A par da gastronomia, os concertos são um dos grandes atrativos do festival. Este ano, o Palco Estibordo recebe, sempre às 22 horas, Matias Damásio (13 agosto), Ana Moura (14 agosto), Mickael Carreira (15 agosto), Rui Veloso (16 agosto) e Luís Trigacheiro (17 agosto). Já no Palco Bombordo, às 23h30, após o término do concerto no palco principal, atuam os Aura (13 agosto), Manuscrito (14 agosto), Shhh Noise (15 agosto), Tangerina não é Clementina (16 agosto) e Hard-Zeppelin Tribute (17 agosto).
Durante todo o dia, a animação está garantida para as famílias no Jardim Oudinot – há jogos, oficinas, atividades desportivas e animação de jardim. No Navio-Museu Santo André, há novas exposições para ver (“Virar o Bacalhau: As Mulheres das Secas” e “As Mulheres e a Pesca do Bacalhau”) e visitas orientadas por antigos tripulantes, que recordam aventuras em alto mar.
Dois pontos altos do Festival do Bacalhau são, sempre, a “Corrida Mais Louca da Ria”, no dia 16 de agosto, sábado, às 17 horas; e a “Volta ao Cais em Pasteleira”, a 17 de agosto, domingo, com partida no Cais dos Bacalhoeiros, na Gafanha da Nazaré, às 17 horas.

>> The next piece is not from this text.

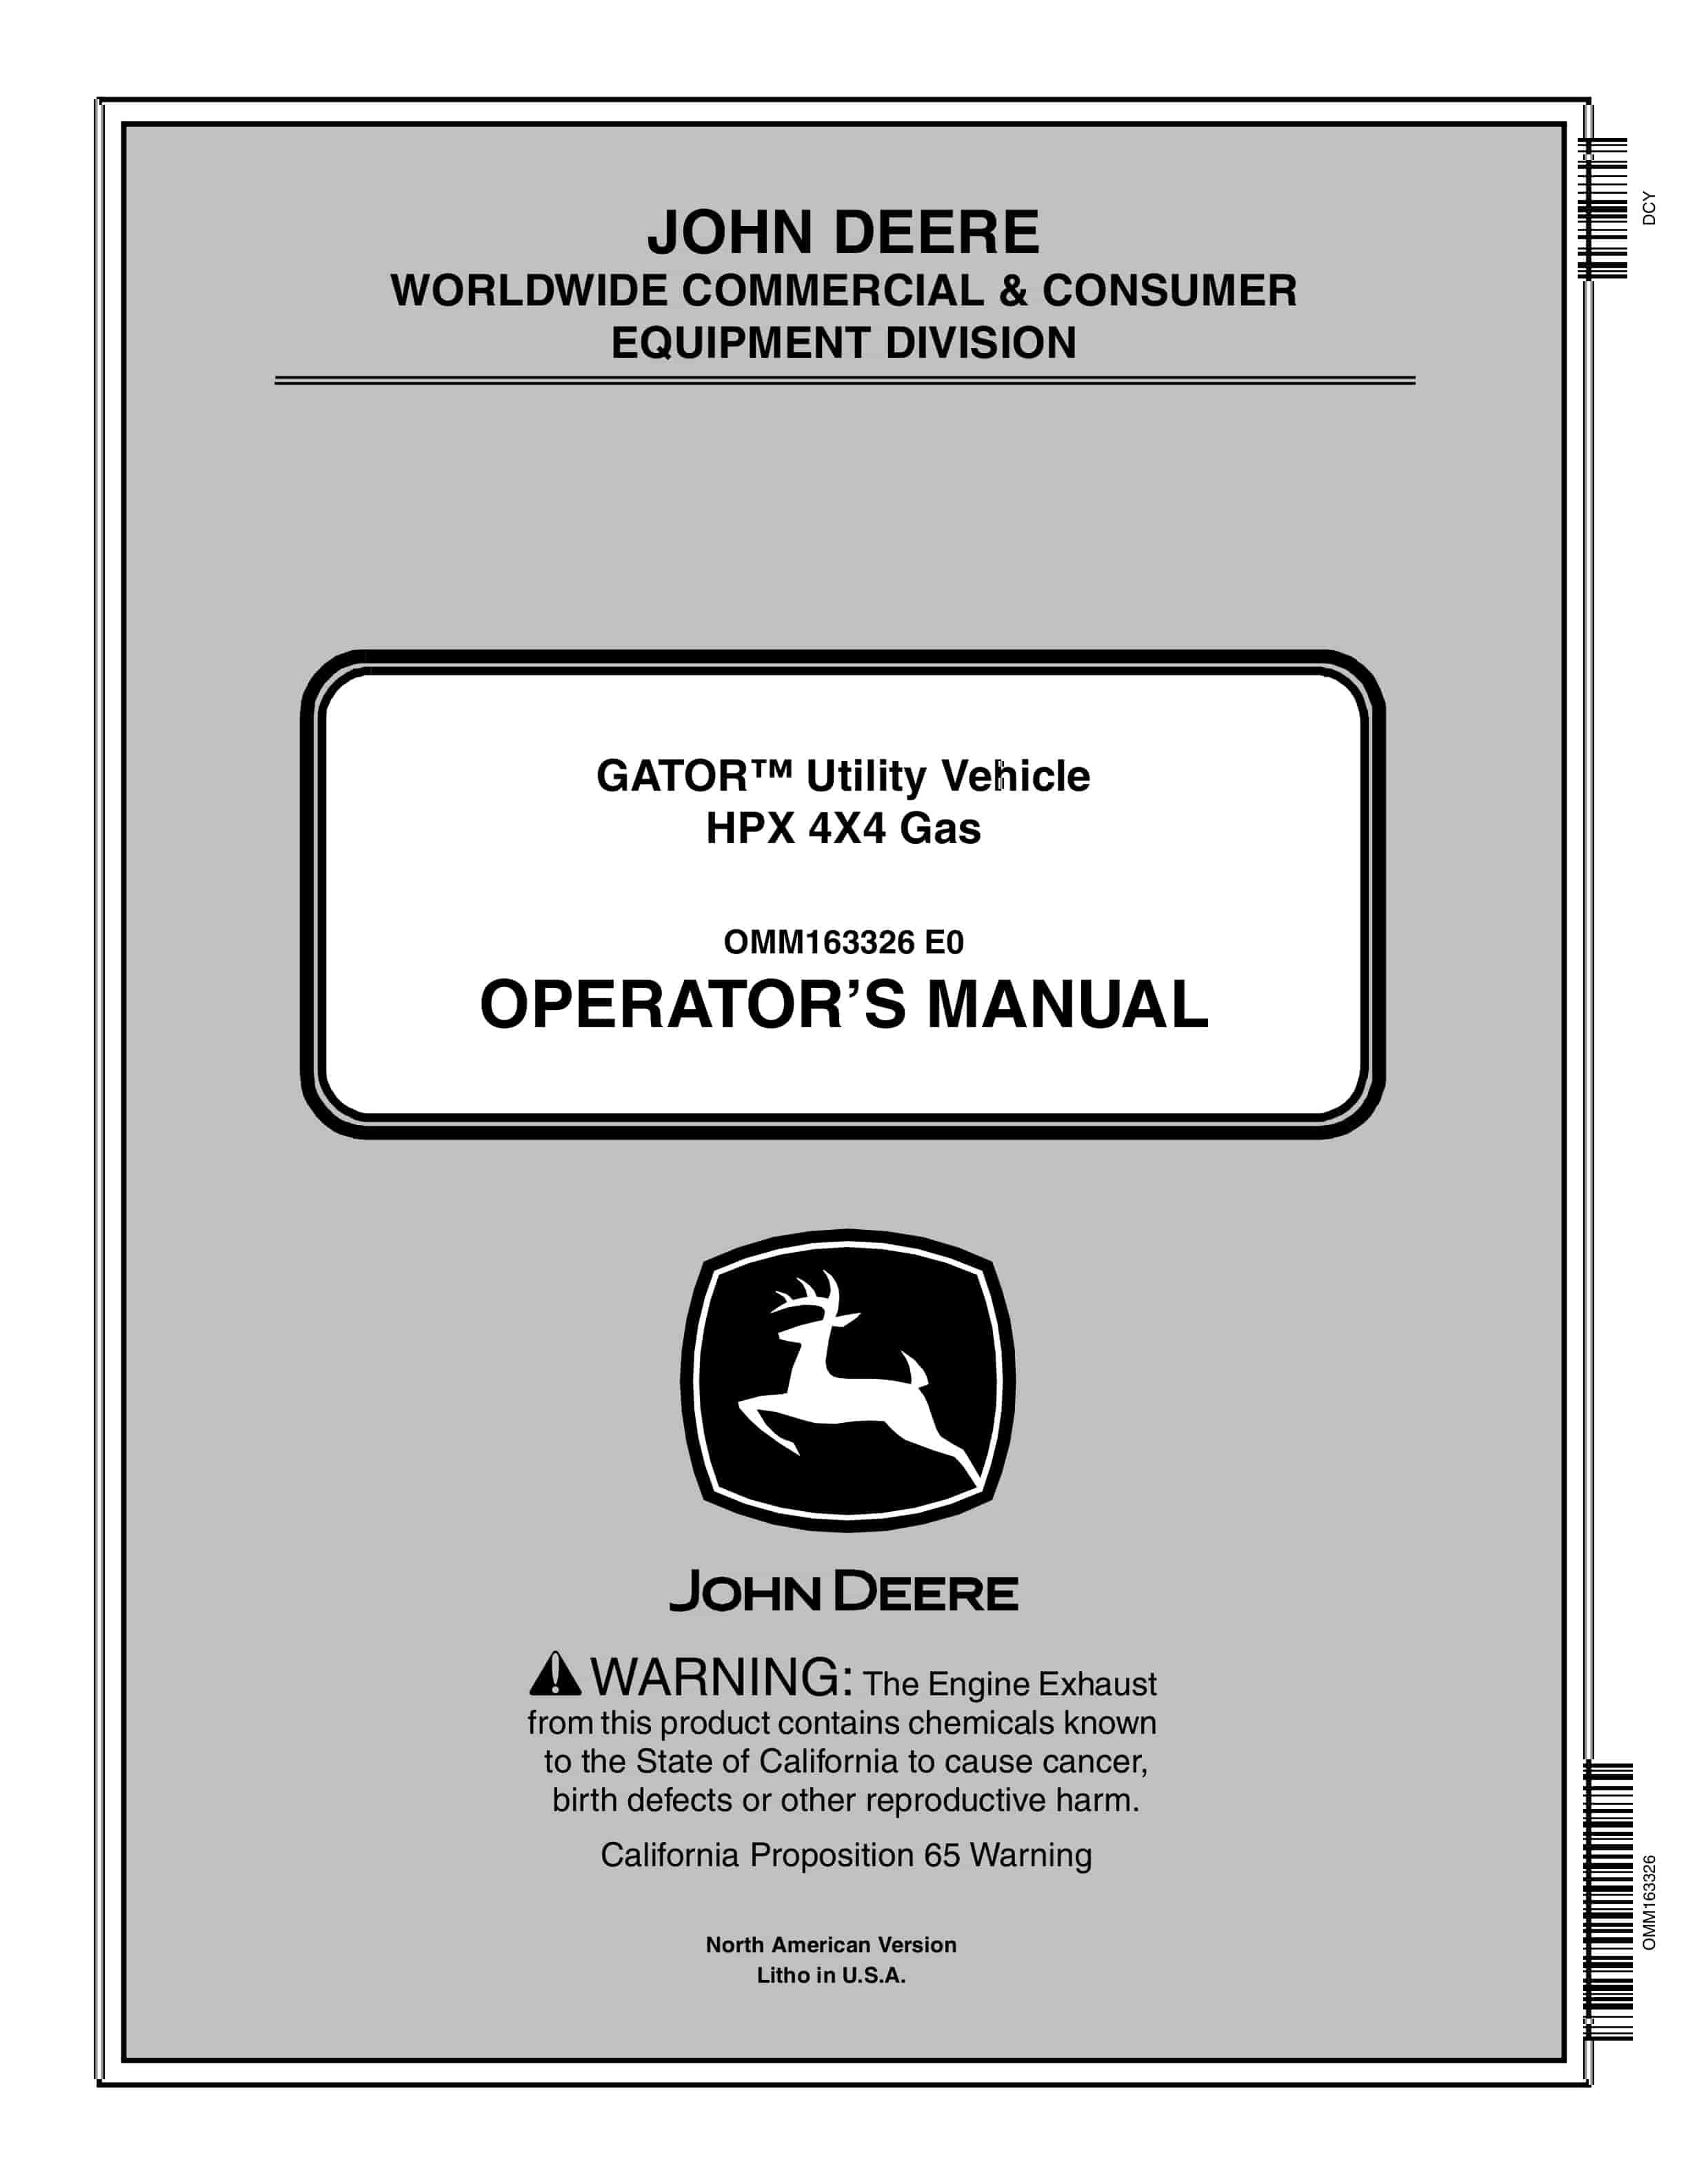 John Deere HPX 4X4 Diesel GATOR Utility Vehicles Operator Manual OMM163326 1

Uma vez mais, o Município de Ílhavo compromete-se com as boas práticas no Festival do Bacalhau. Em termos ecológicos, a organização procura revalidar o selo de eco-evento, mantendo, para isso, a habitual separação e redução de resíduos. Em termos de inclusão e de acessibilidade, todos os concertos do Palco Estibordo e dois showcookings terão interpretação em língua gestual portuguesa. As pessoas com mobilidade condicionada poderão assistir aos concertos do Palco Estibordo numa plataforma específica e terão acesso a duas zonas de estacionamento dedicadas a estas pessoas – uma a sul do Jardim Oudinot, junto ao Ecomare, e outra a norte, junto ao ancoradouro.
Para a realização deste evento, a Câmara Municipal de Ílhavo conta com cerca 50 colaboradores e mais de 500 voluntários (entre organização e associações participantes).
O Festival do Bacalhau é uma aposta na valorização da história e das tradições do município, na dinamização da economia local e na atratividade turística do território, onde a gastronomia, o mar e a ria são marcas muito fortes.